As the North Valley Military Institute (NVMI) gets closer to failing, the charter school has embraced exclusionary policies. While announcing an ill-fated attempt to turn the school into a “Middle College” program, “Superintendent” Mark Ryan threatened to eliminate special day classes for children with moderate to severe disabilities if enough students did not enroll to make them financially “viable.” He also told parents that IEPs, which are supposed to be legally binding, would not cover college classes, even though these classes were being offered as part of the high school program.

At a meeting of NVMI’s Executive Committee last weekend, one of the school’s trustees went even further in her comments. Julie Ward, who is also a parent at the school, stated that NVMI should be selective in the students who are allowed to remain at the school, particularly with the classes that are held on the Los Angeles Mission College campus. She went as far as to suggest that “if you can’t perform right now in the college program that you’re in, you don’t need to be in our program.

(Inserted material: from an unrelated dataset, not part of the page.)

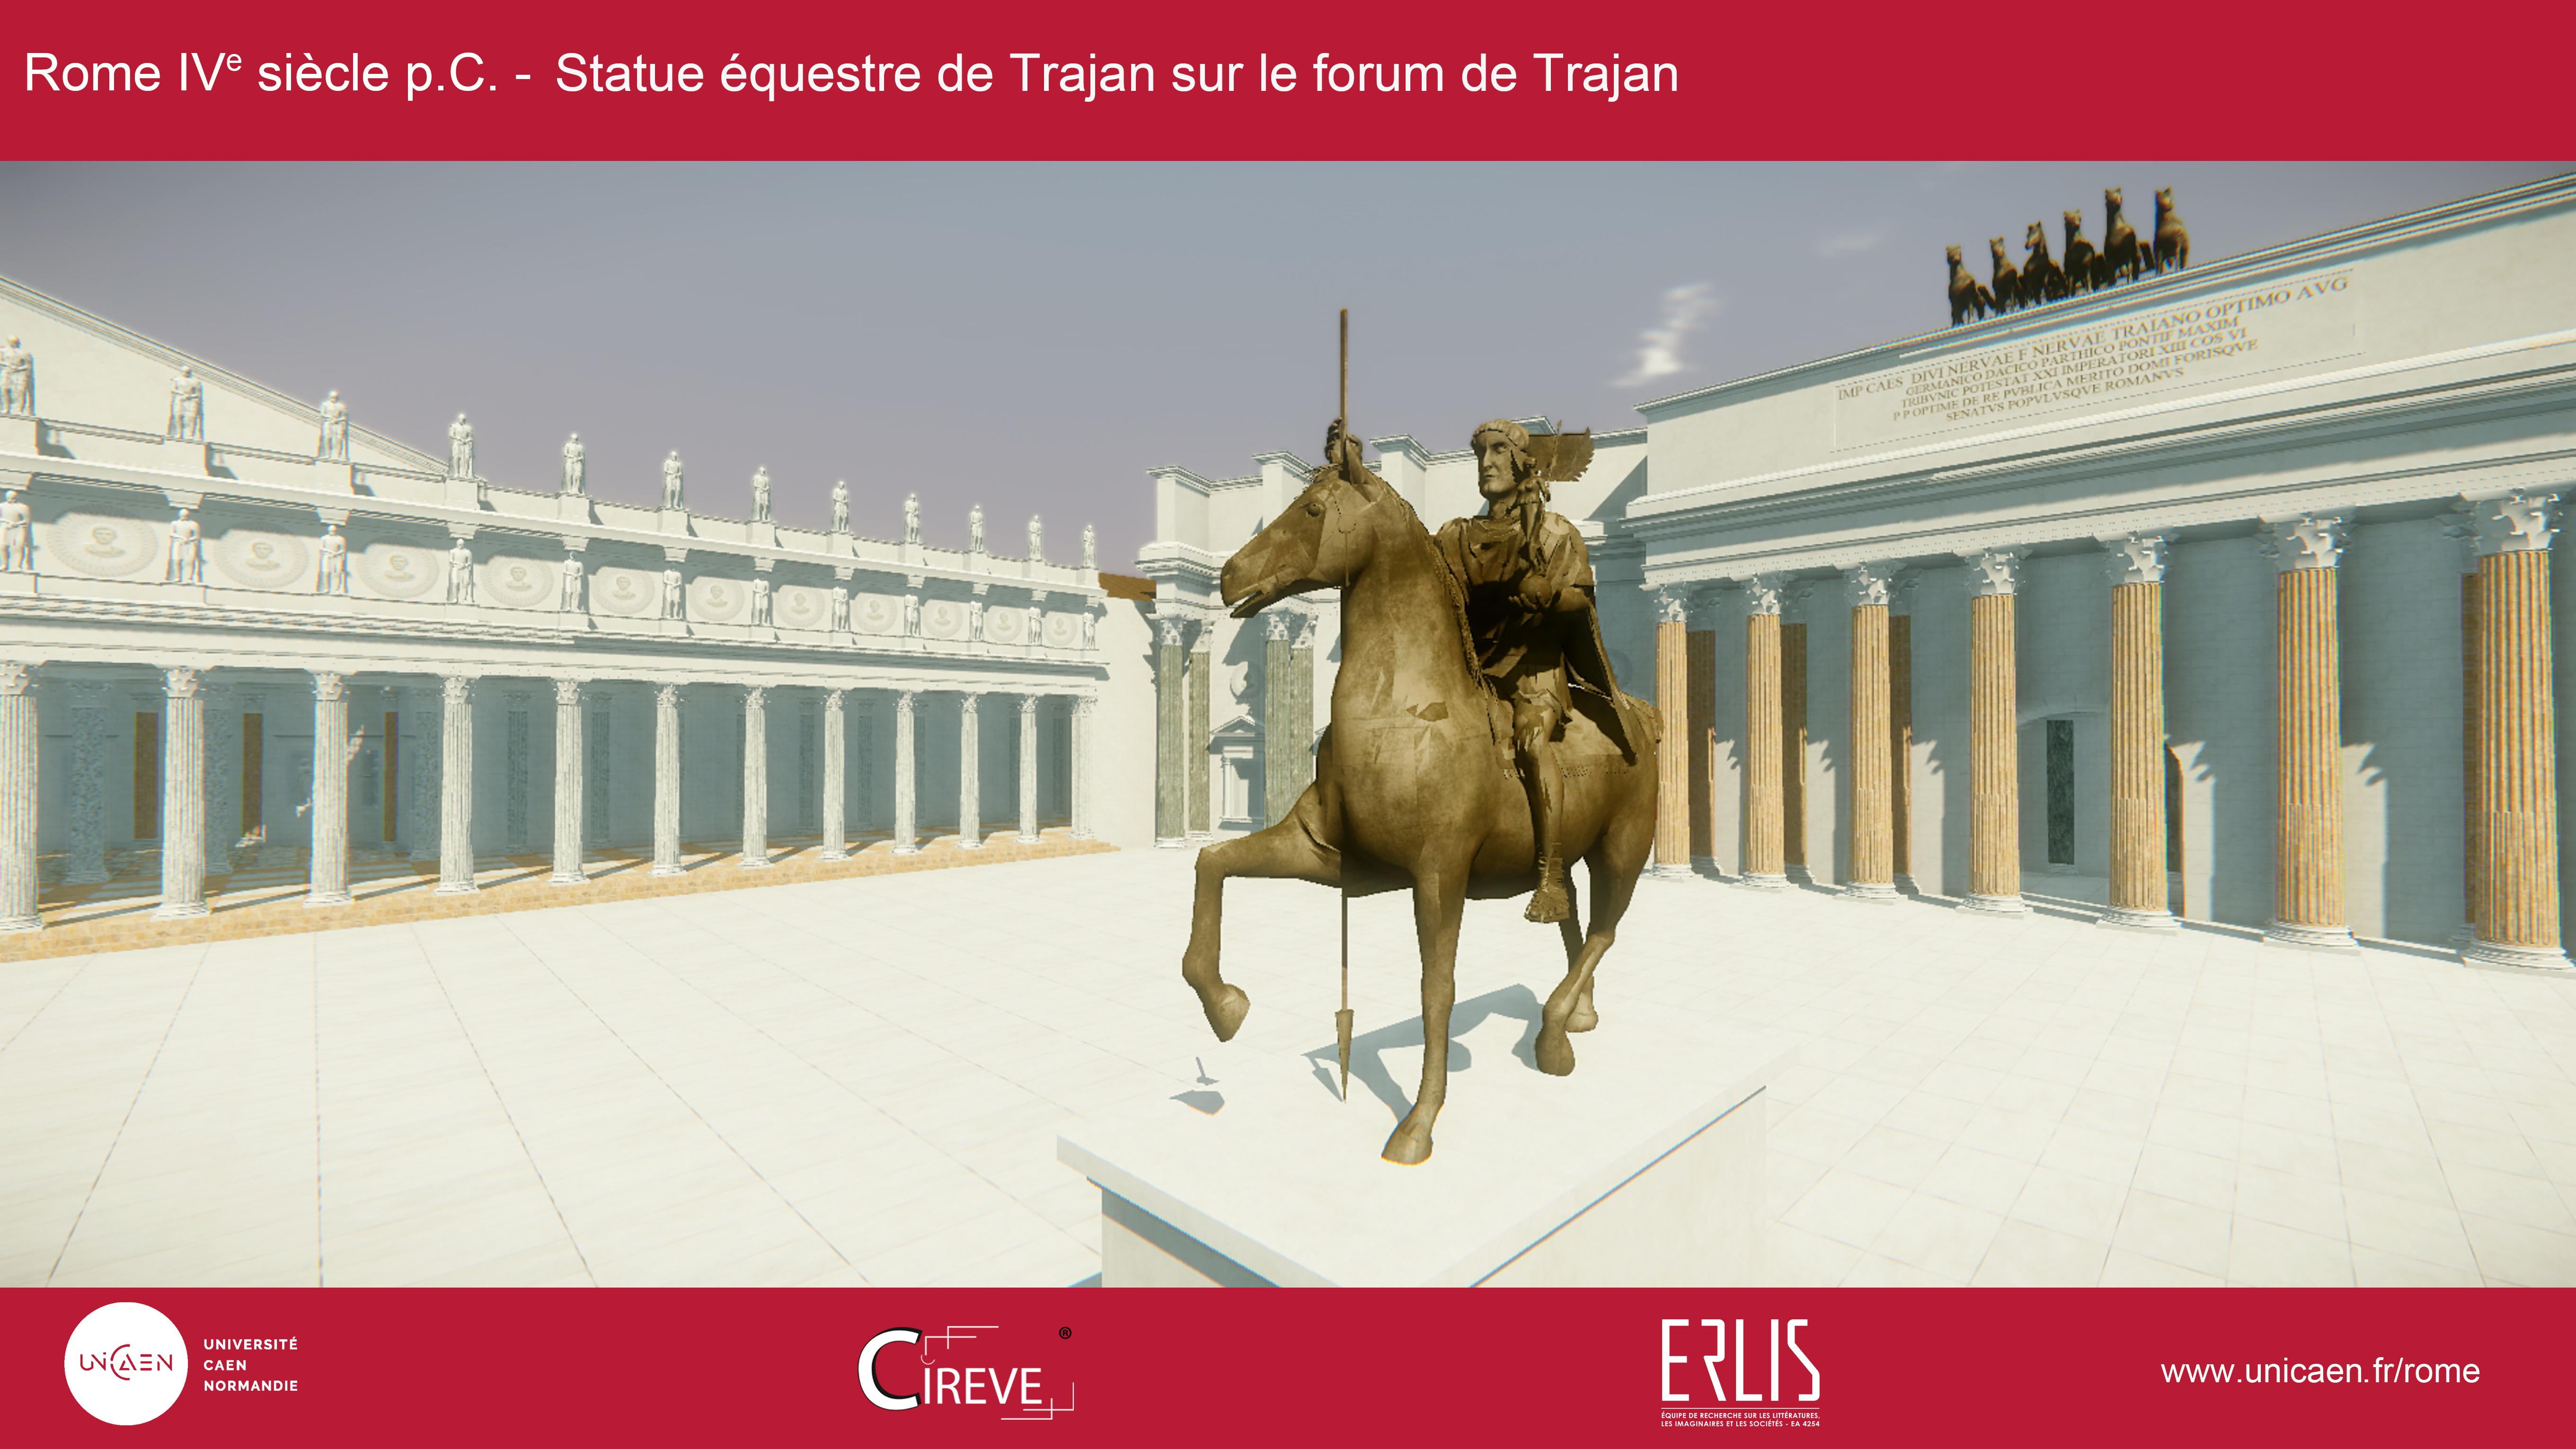 Statue équestre de Trajan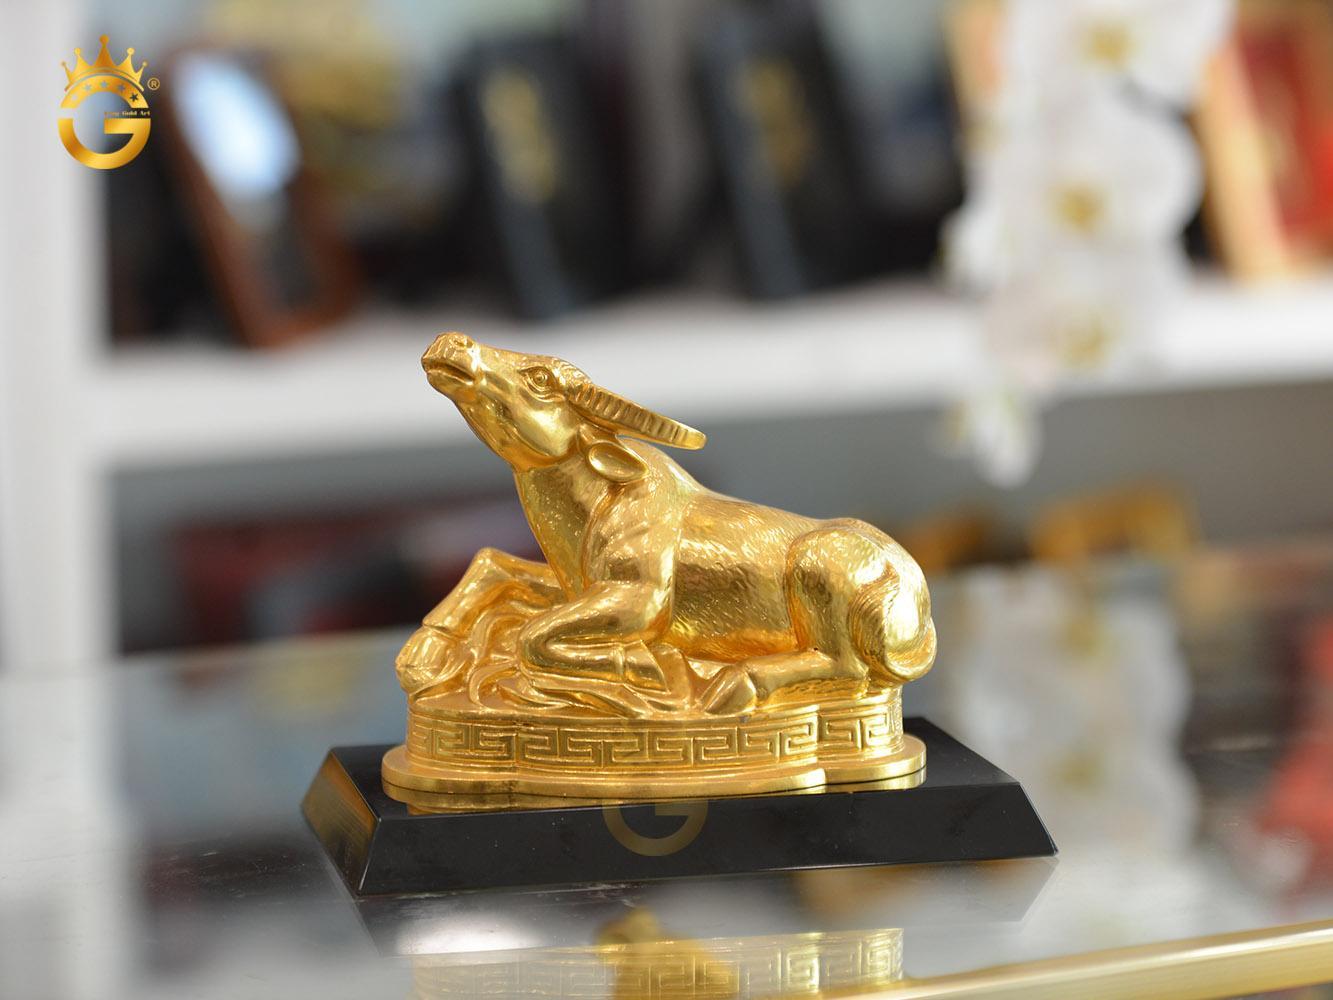 Linh vật trâu bằng đồng mạ vàng 24k làm quà tặng phong thủy0

At all.”

That suggestion led to this remarkable comment.

Knowing that there were “members of the press” and representatives from the authorizers at the Los Angeles County Office of Education (LACOE) attending, Mark Ryan was quick to say that, despite what he had stated about students with special education needs at the previous meeting, Ward’s comments were not the official policy of NVMI. In doing so he threw other charter schools under the bus by declaring that “we are not one of those charter schools that cherry-picks, that says…’if this kid doesn’t want to do it or can’t do it…then they shouldn’t be at our school.’” He went on to acknowledge Ward’s viewpoint as a parent’s “opinion,” ignoring the fact that Ward is a Trustee and helps to set policy at the school.

Do you suppose he’d be willing to name those other schools?